Work required:
Please produce a character-exact copy of the listing that follows, omitting all images.

Source data:
━━━━━━━━

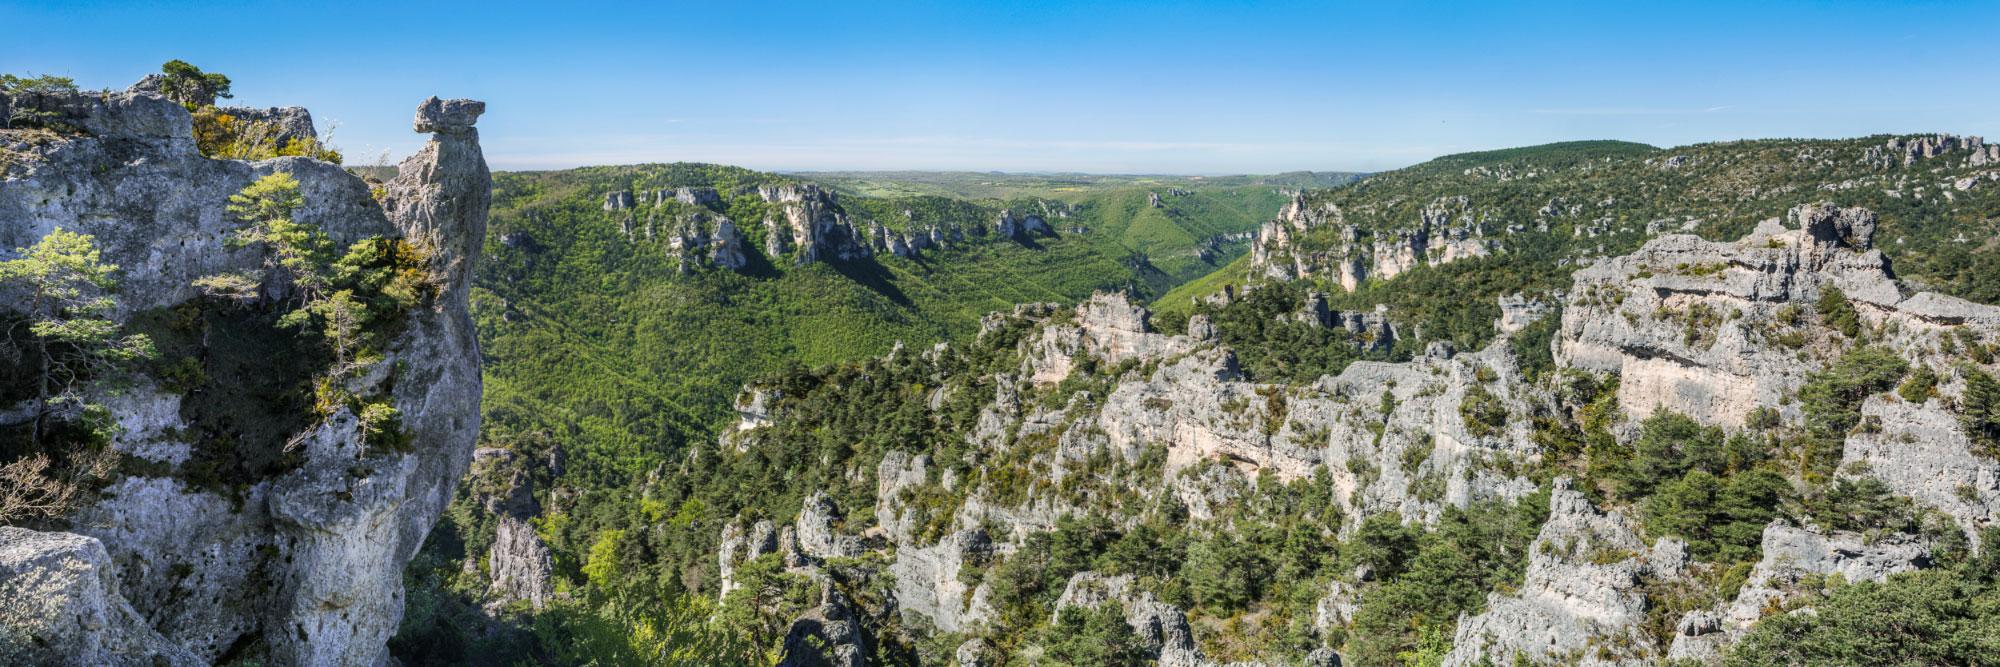 Rochers ruiniformes du chaos de Montpellier-le-Vieux, Causse Noir
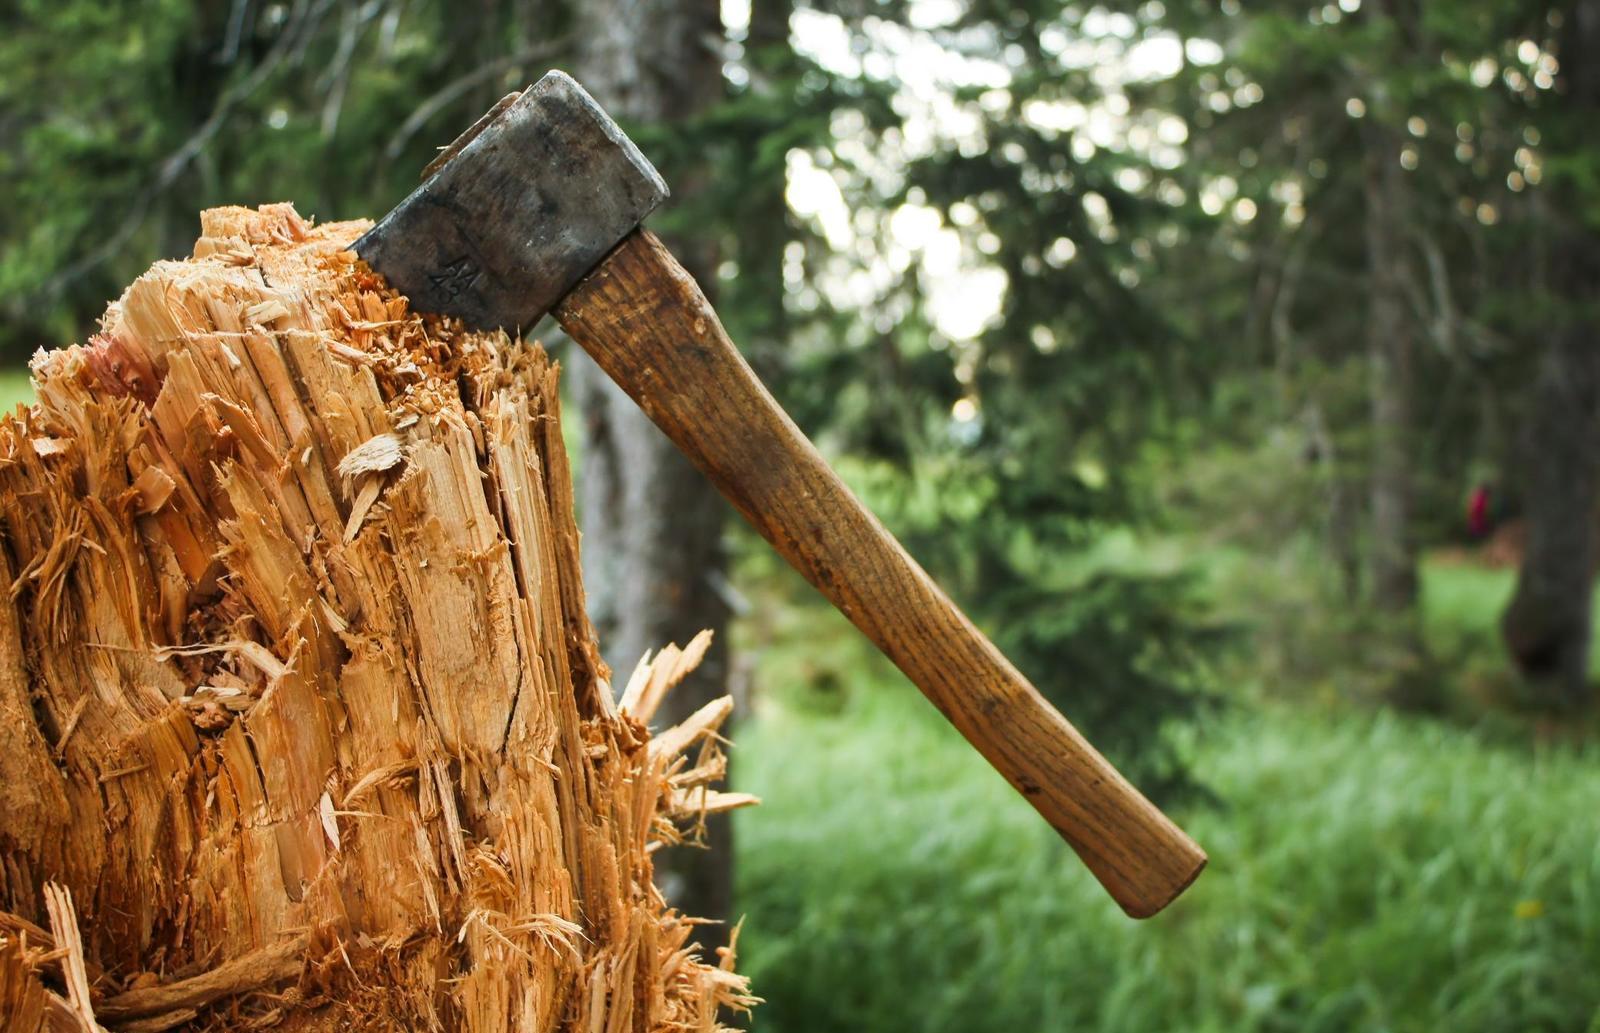 В Тверской области возбудили дело о масштабной незаконной рубке леса  - новости Афанасий
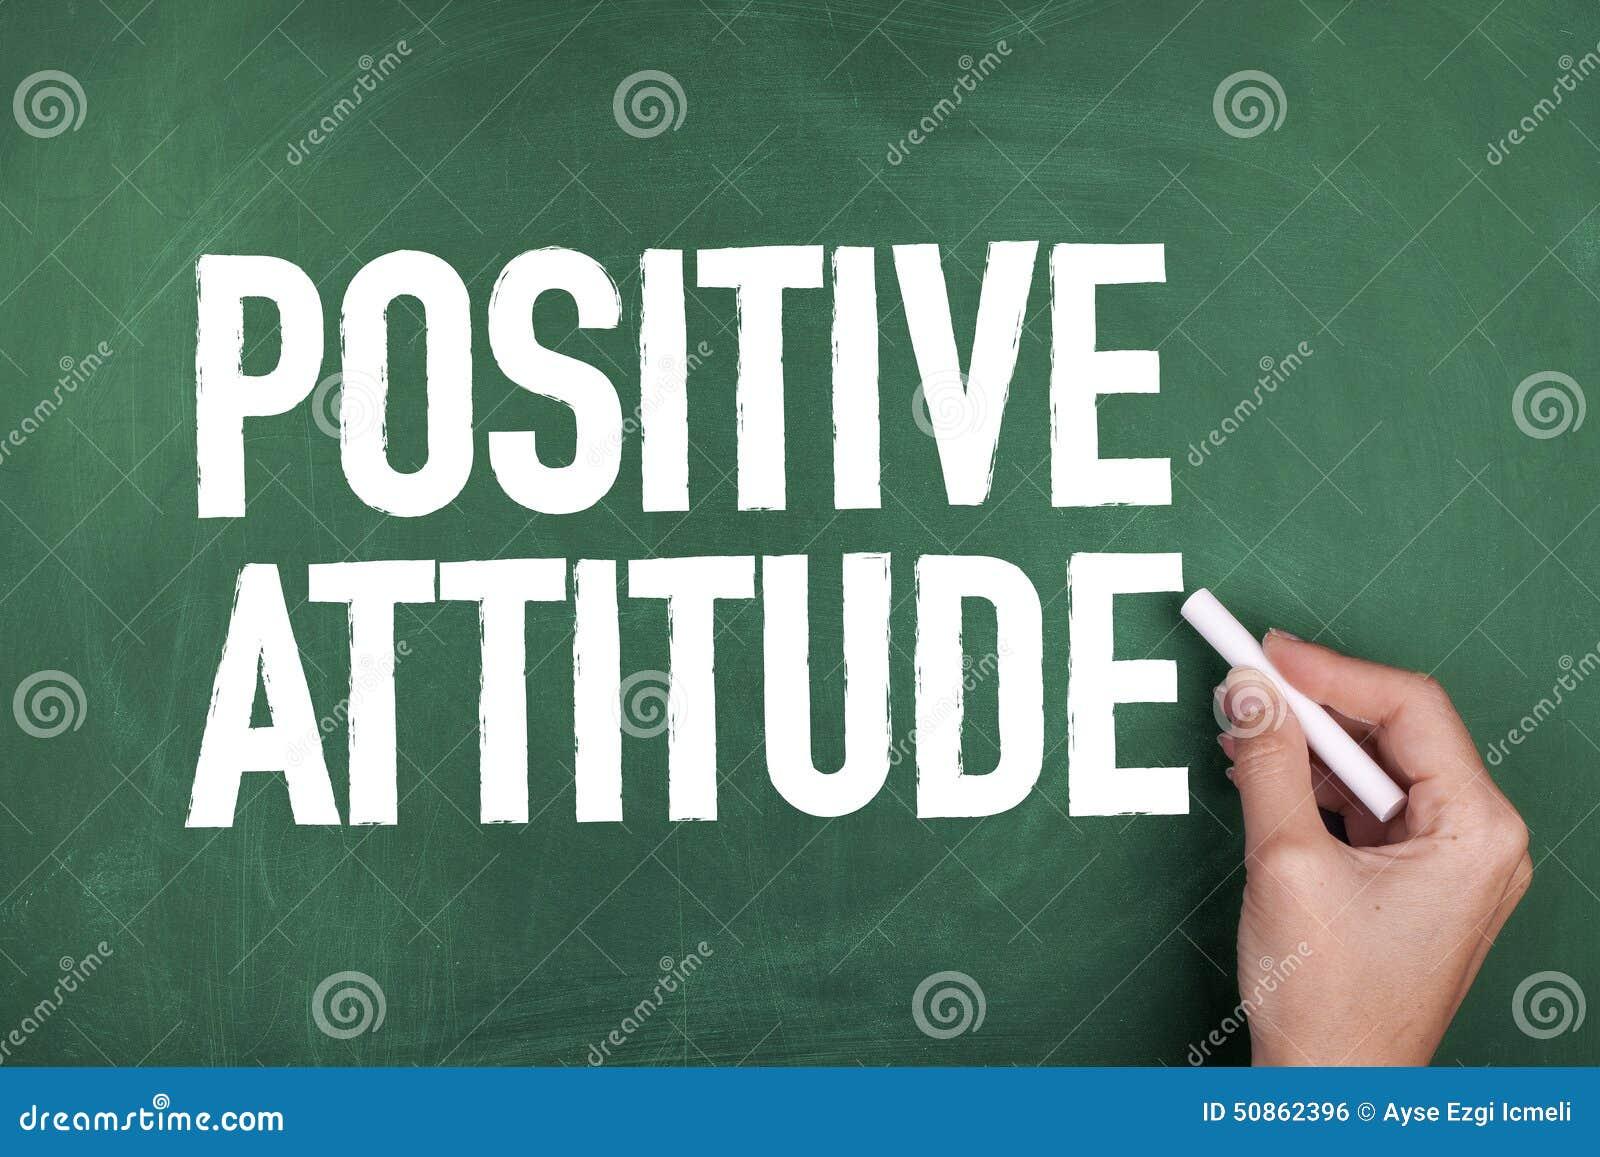 13 Positive Thinking Photo Essays
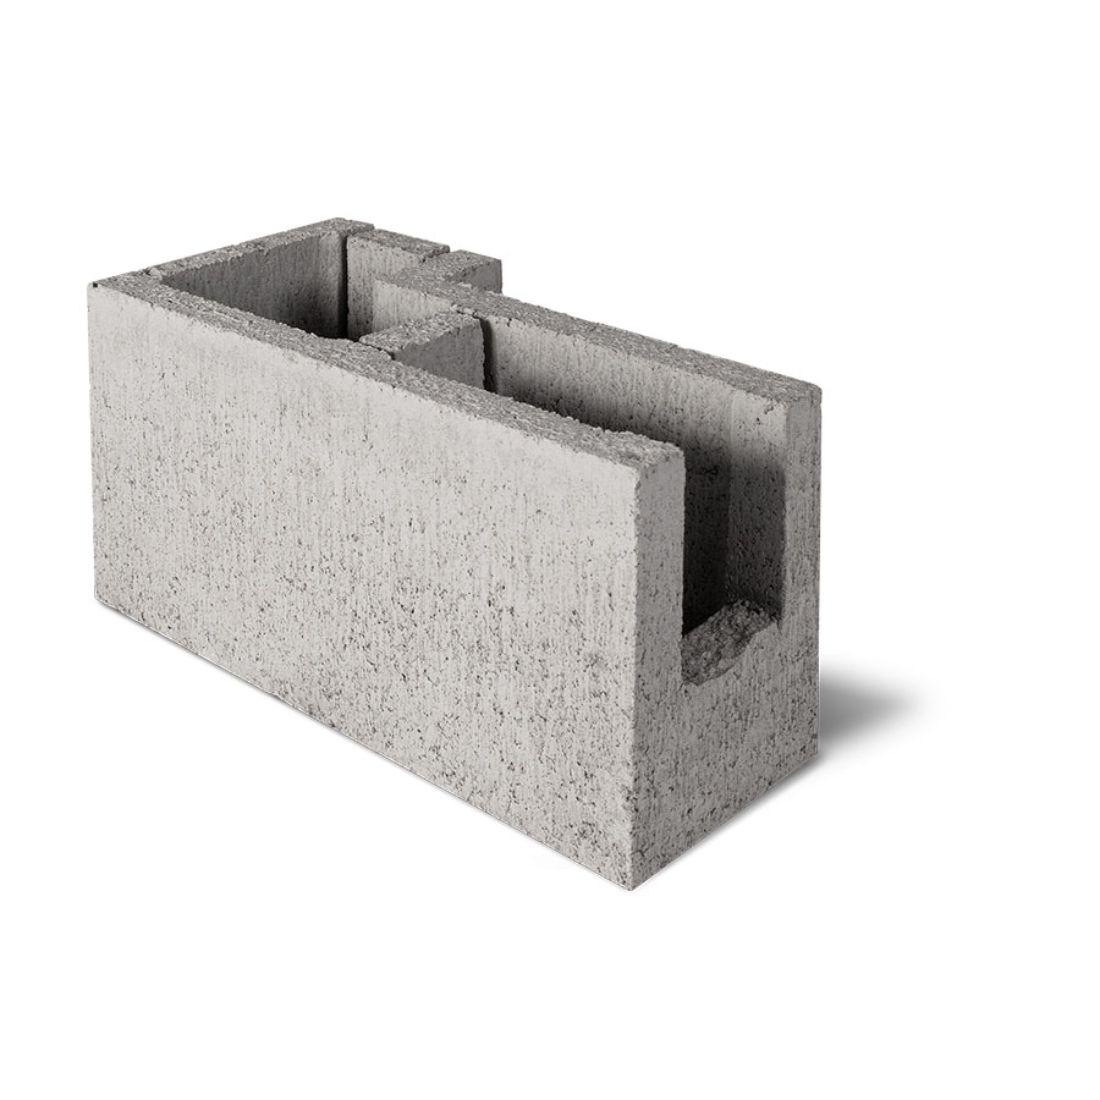 15.15R Corner R Bond Beam Block

━━━━━━━━

Finished exercise:
 Rochers ruiniformes du chaos de Montpellier-le-Vieux, Causse Noir
 В Тверской области возбудили дело о масштабной незаконной рубке леса  - новости Афанасий
 13 Positive Thinking Photo Essays
 15.15R Corner R Bond Beam Block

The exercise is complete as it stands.